## EXERCISE DATA
'''
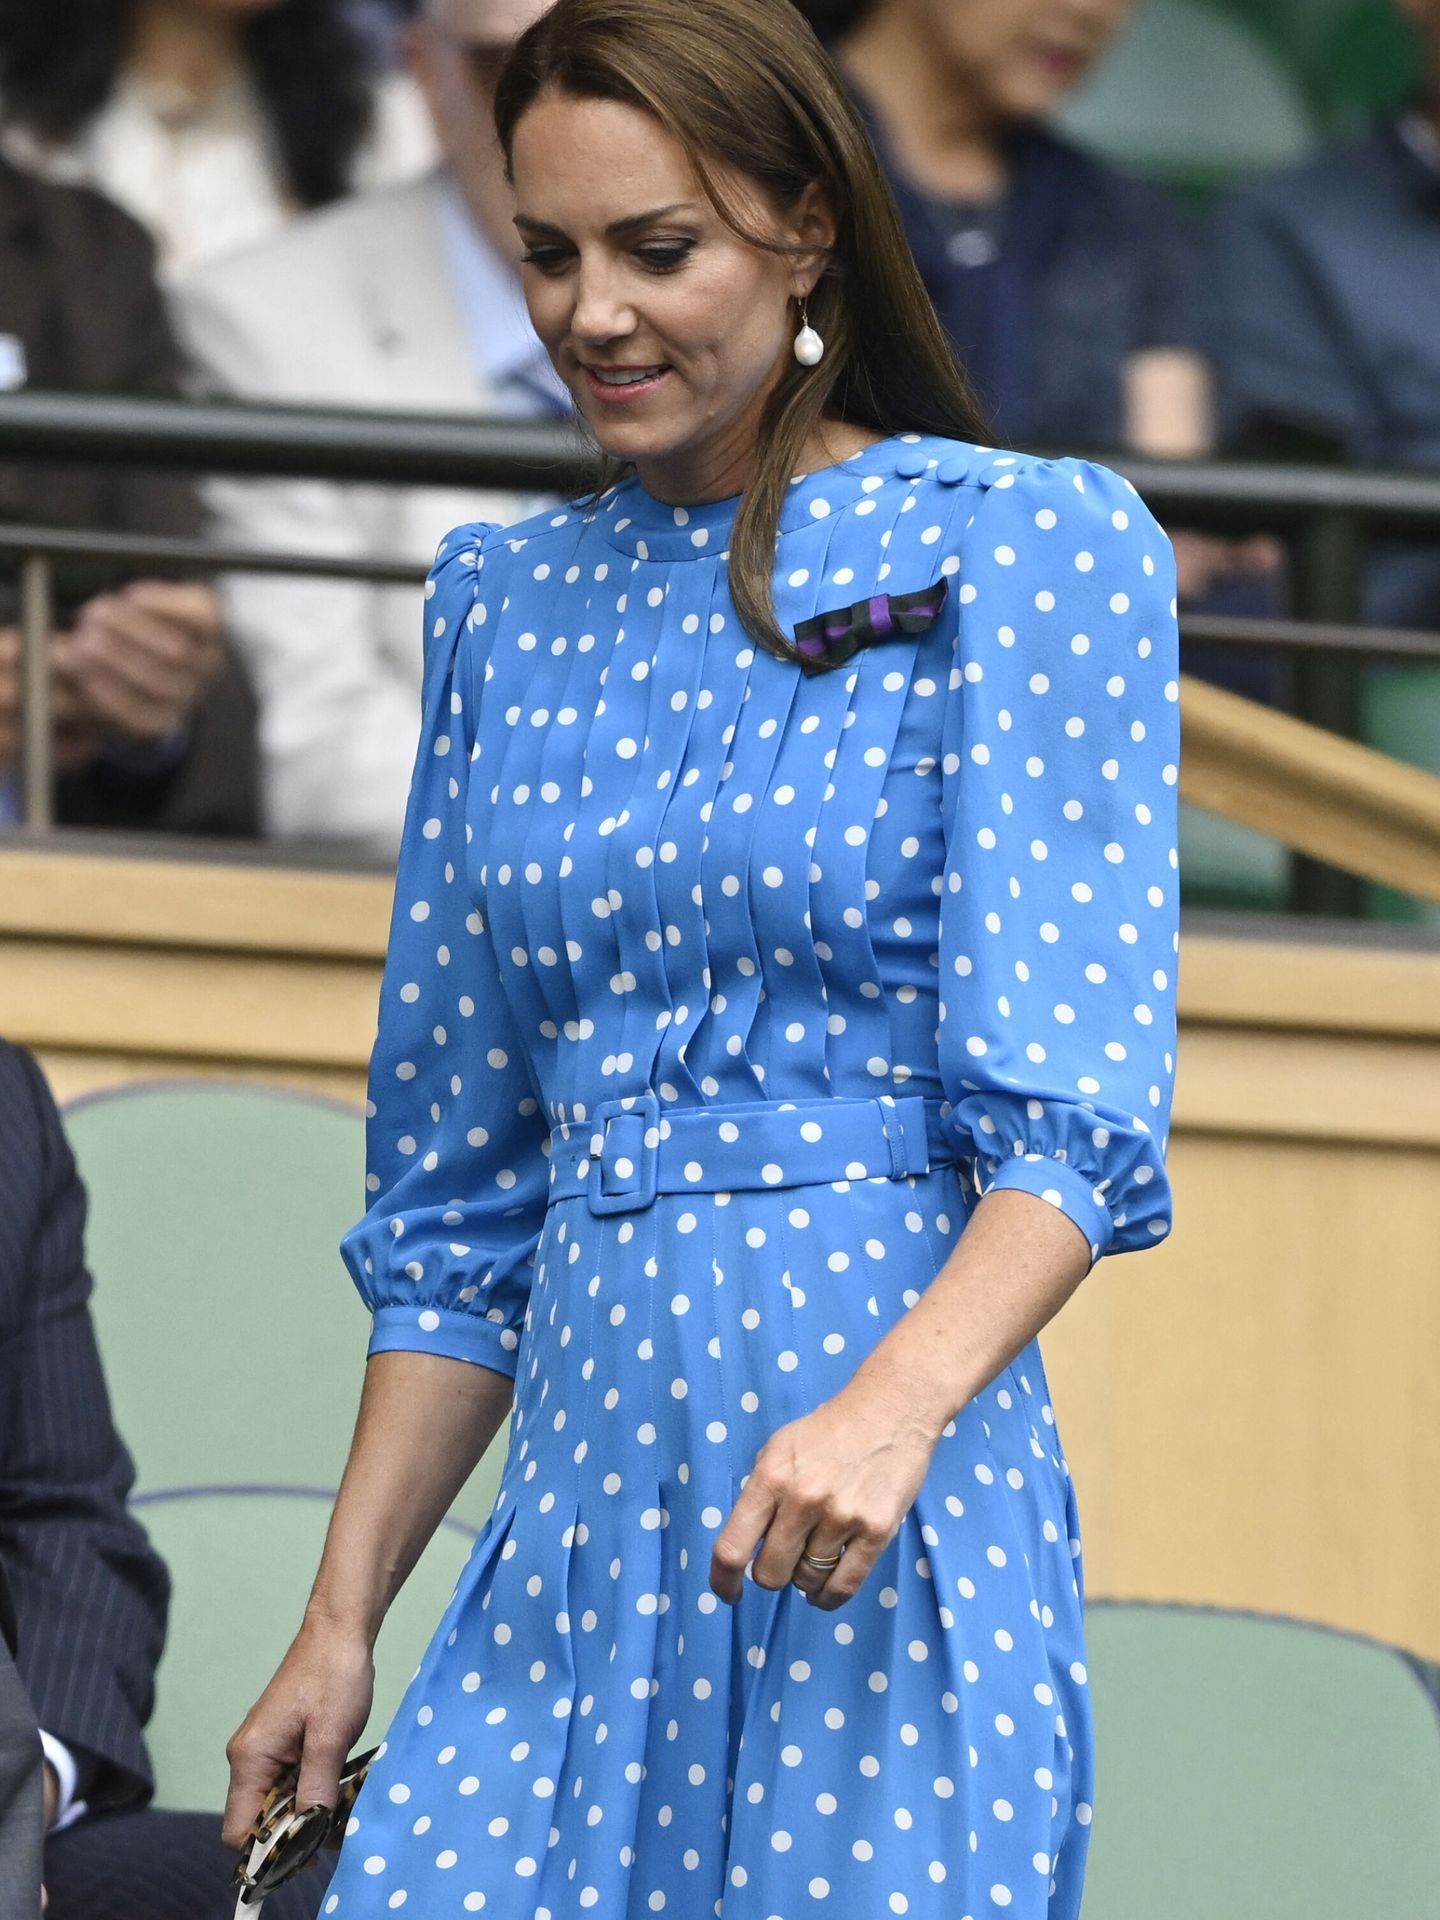 La duquesa de Cambridge, con el vestido de lunares en Wimbledon. (Reuters/Toby Melville)
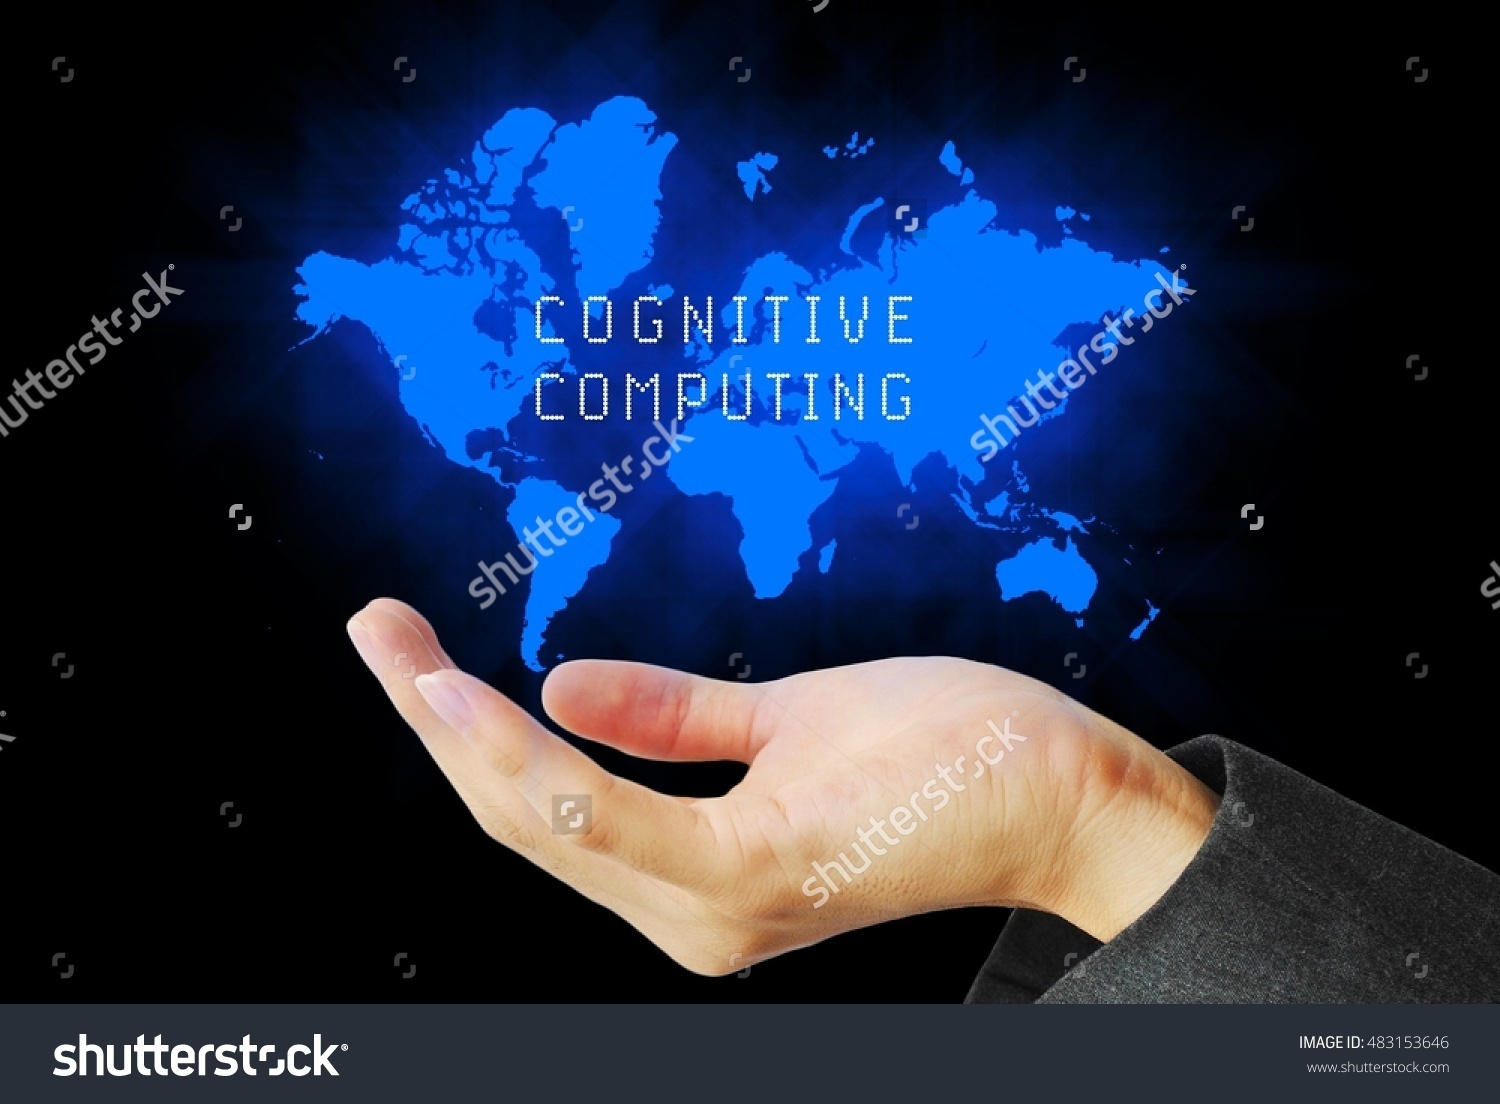 Cognitive computing
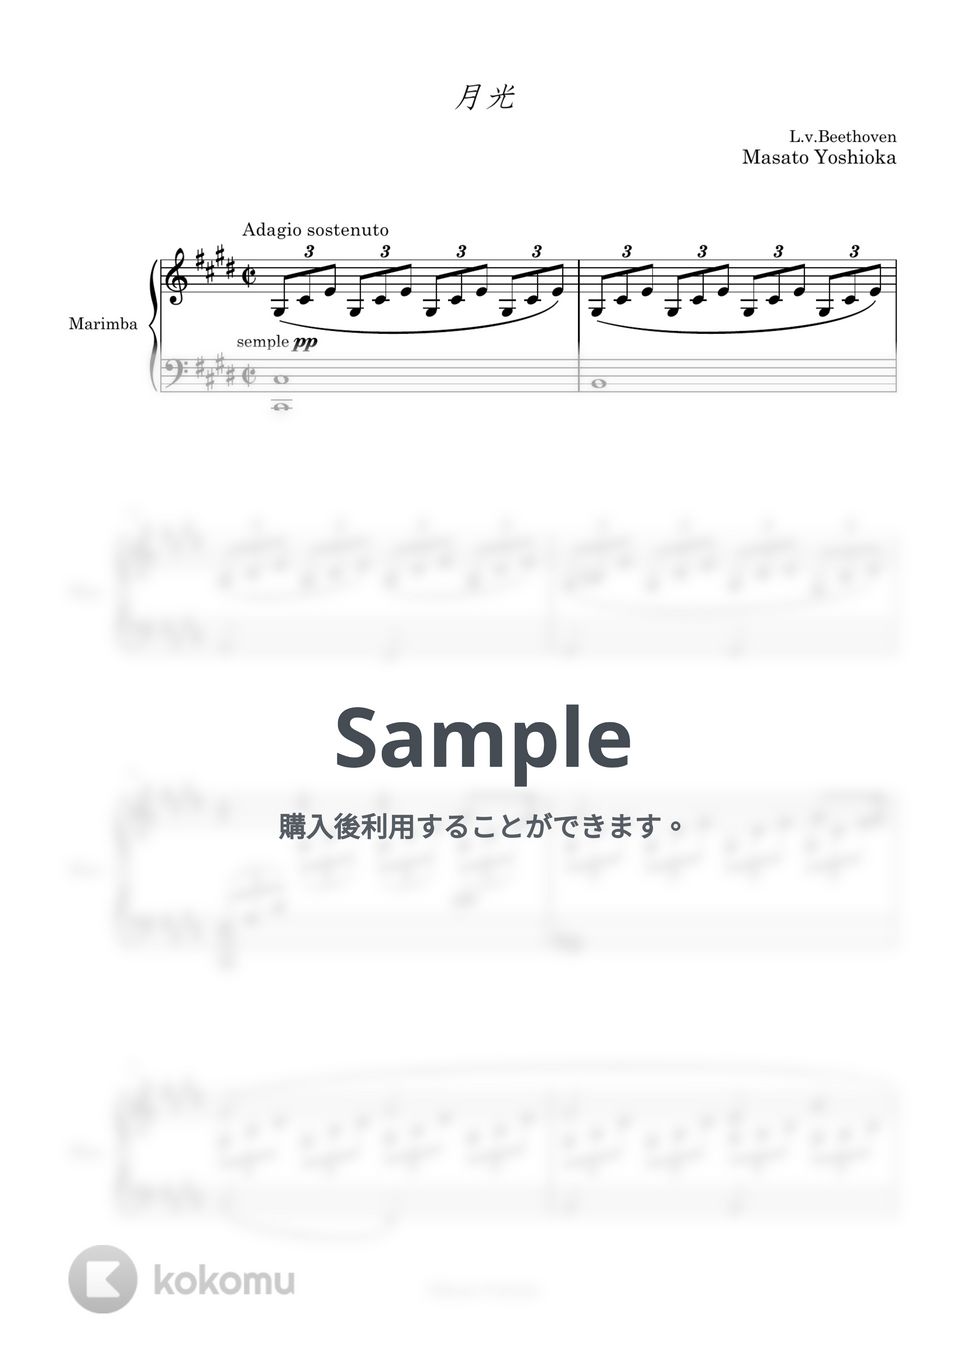 L.v.Beethoven - 月光 (マリンバソロ/無伴奏) by 吉岡雅人
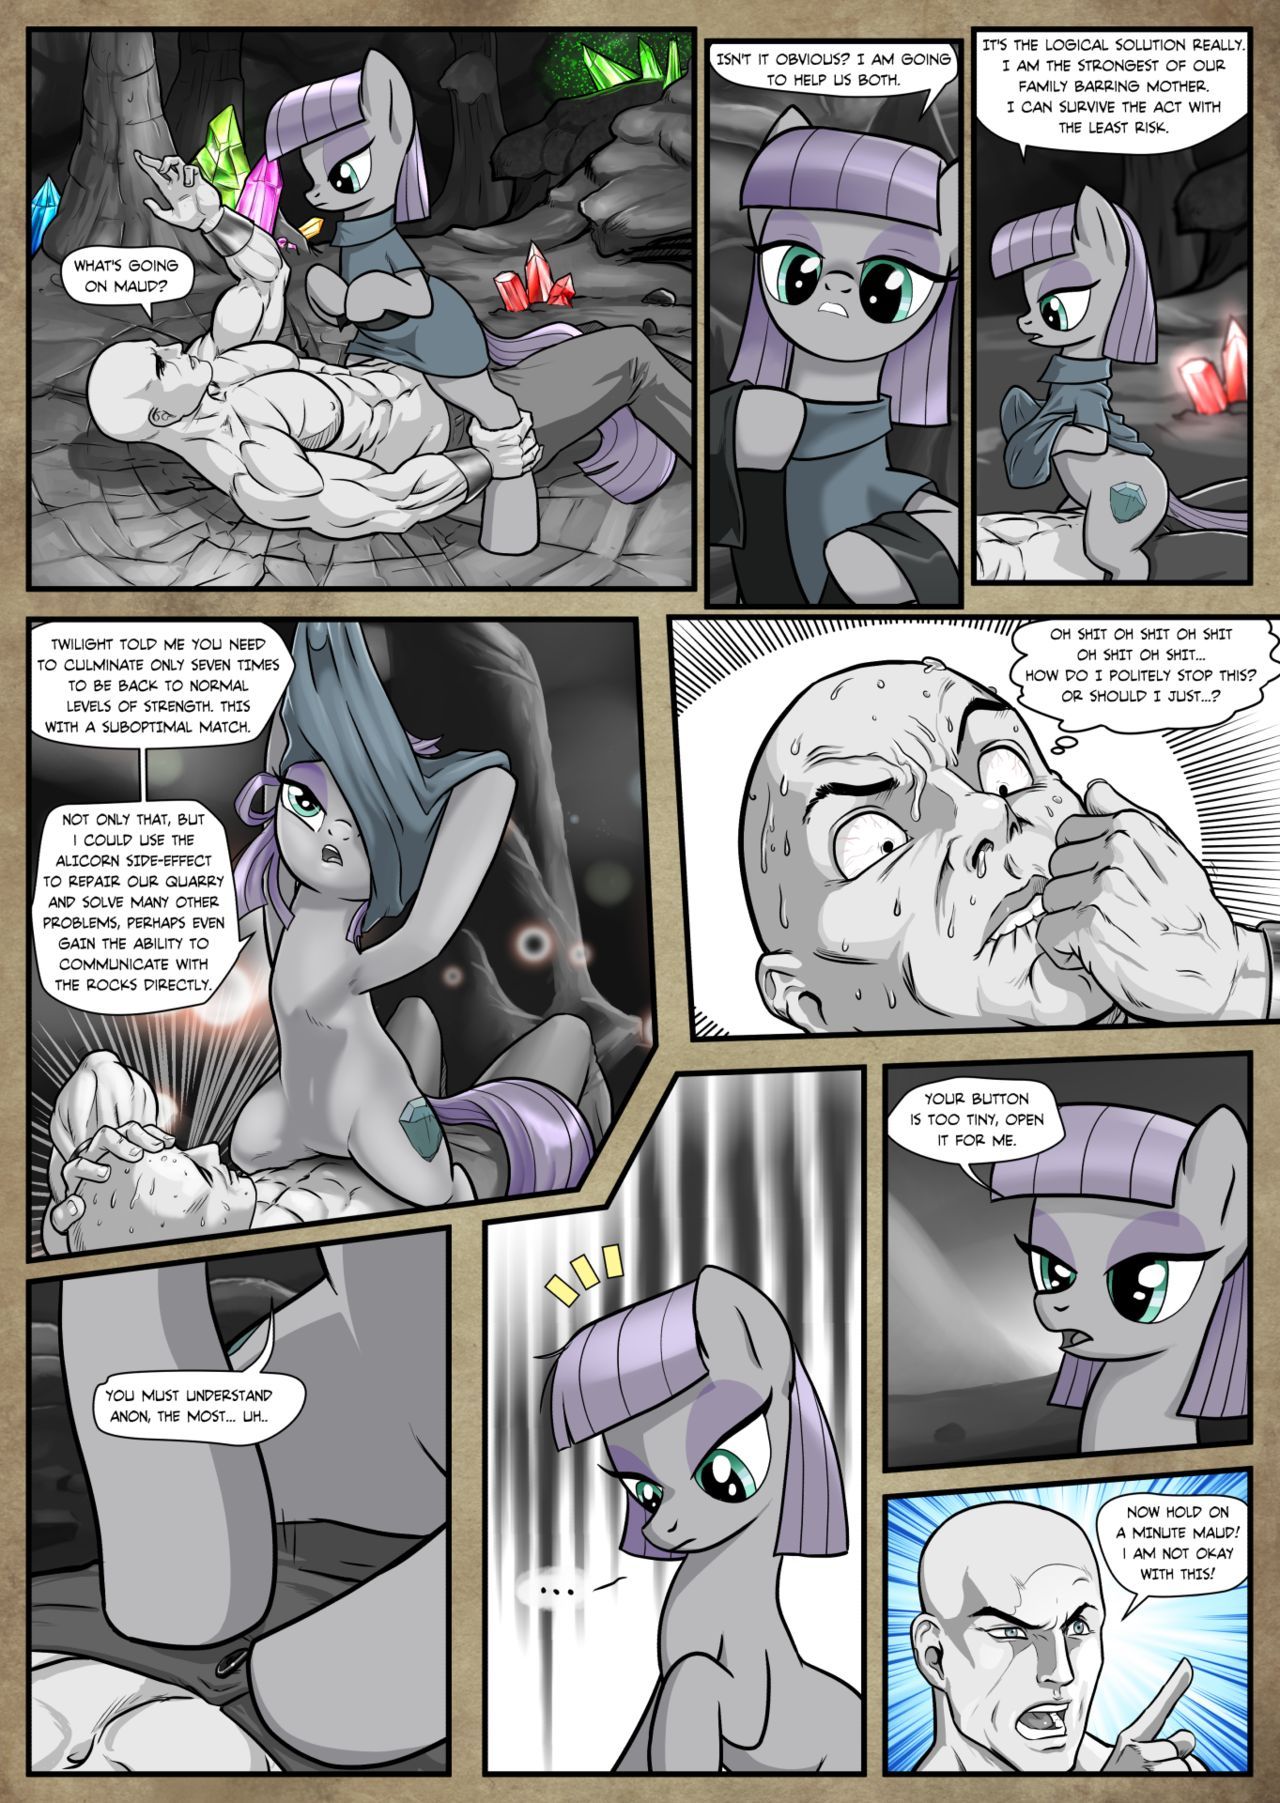 [Pencils] Anon's Pie Adventures (My Little Pony: Friendship is Magic) [In-Progress] 167
'''
## WHAT THE TASK ASKS
Take the line containing "Cognitive computing" and every line after it up to the end of the data, and write them out exactly, without the pictures.

## SOLUTION FOR THIS PROBLEM
 Cognitive computing
 L.v.Beethoven - 月光 (マリンバソロ/無伴奏) by 吉岡雅人
 [Pencils] Anon's Pie Adventures (My Little Pony: Friendship is Magic) [In-Progress] 167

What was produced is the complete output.